A Noninvasive Sensor/Control Suite for Health Monitoring and Extended Life of Aircraft Generation Systems

Posted by on Oct 24, 2009 in Aircraft, Contracts, Eric A. Walters, Generator, Power Systems, Prognostics and Health Management, SBIR Phase I, SBIR Phase II | 0 comments

Type of Awards: STTR Phase I and Phase II Contract Numbers: N00014-06-M-0281and N68335-08-C-0108 Agency: U.S. Naval Air Systems Command Status: On Going Periods: 08/01/06 to 8/30/07 and 2/25/08 to 2/25/10 Principal Investigator: E. A. Walters Abstract: Catastrophic failures in aircraft electrical power systems can compromise the readiness, safety, and capabilities of the war-fighter.  In this effort, a multi-physics suite of tools will be developed based upon the successful Phase I research to provide a comprehensive prognostics and health management system (PHM) for aircraft generators and associated electrical systems.
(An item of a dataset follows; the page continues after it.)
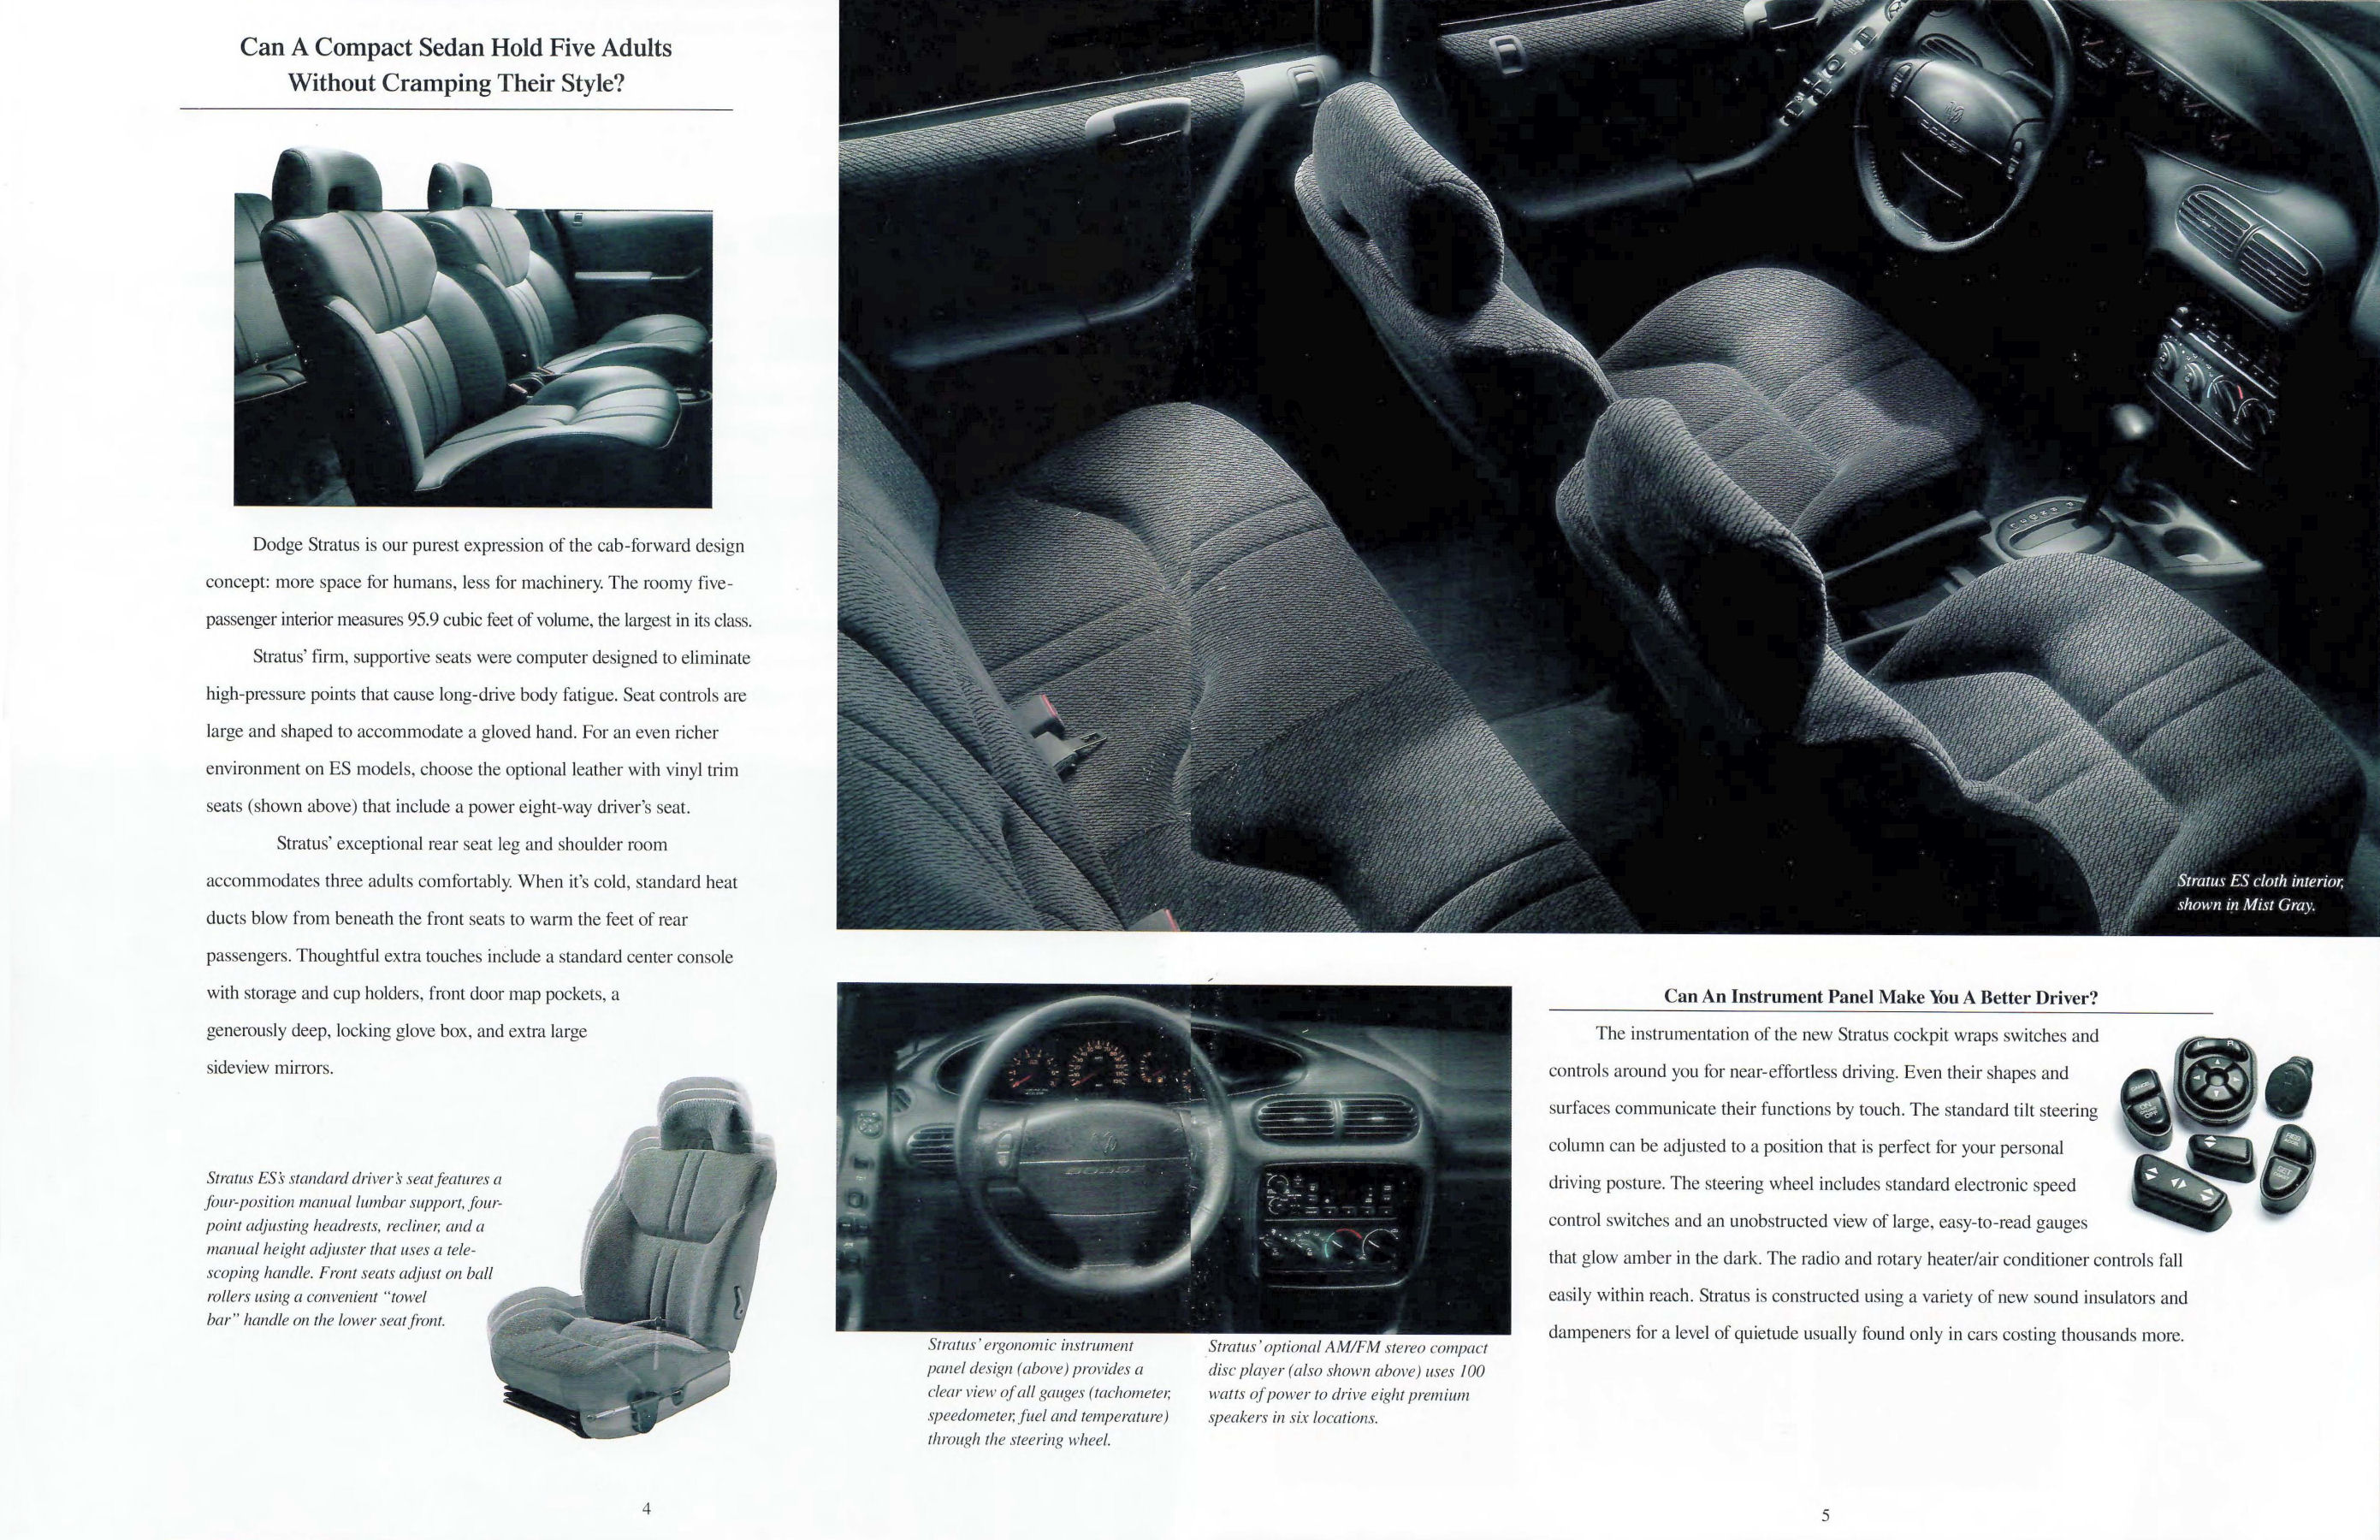 1995 Dodge Stratus-04-05
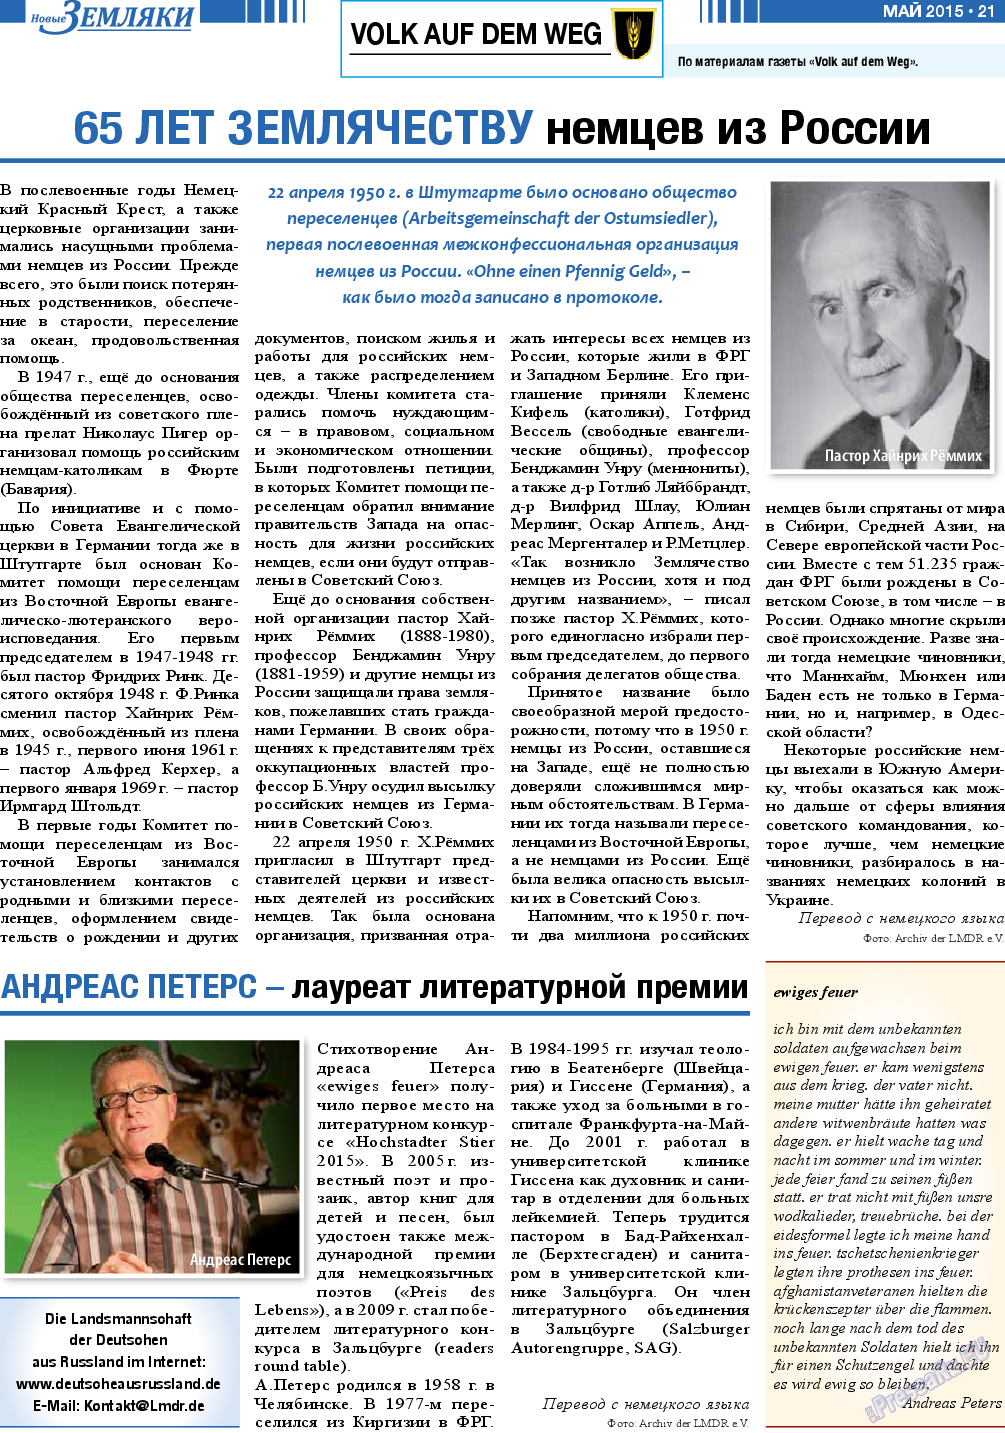 Новые Земляки, газета. 2015 №5 стр.21

The PHM will be based upon a set of recently developed tools that include a novel sensor to measure torque-ripple-induced vibration created by electric machinery, a thermal condition monitor that can predict the temperatures within an electric machine under healthy and damaged operation, and numerical simulation tools that enable rapid development and solution of component and system-level models of electric machinery and power electronic systems operated in fault conditions.  Validation of the PHM concepts and the computer simulations used will be performed with hardware using an F-18 generator as the test...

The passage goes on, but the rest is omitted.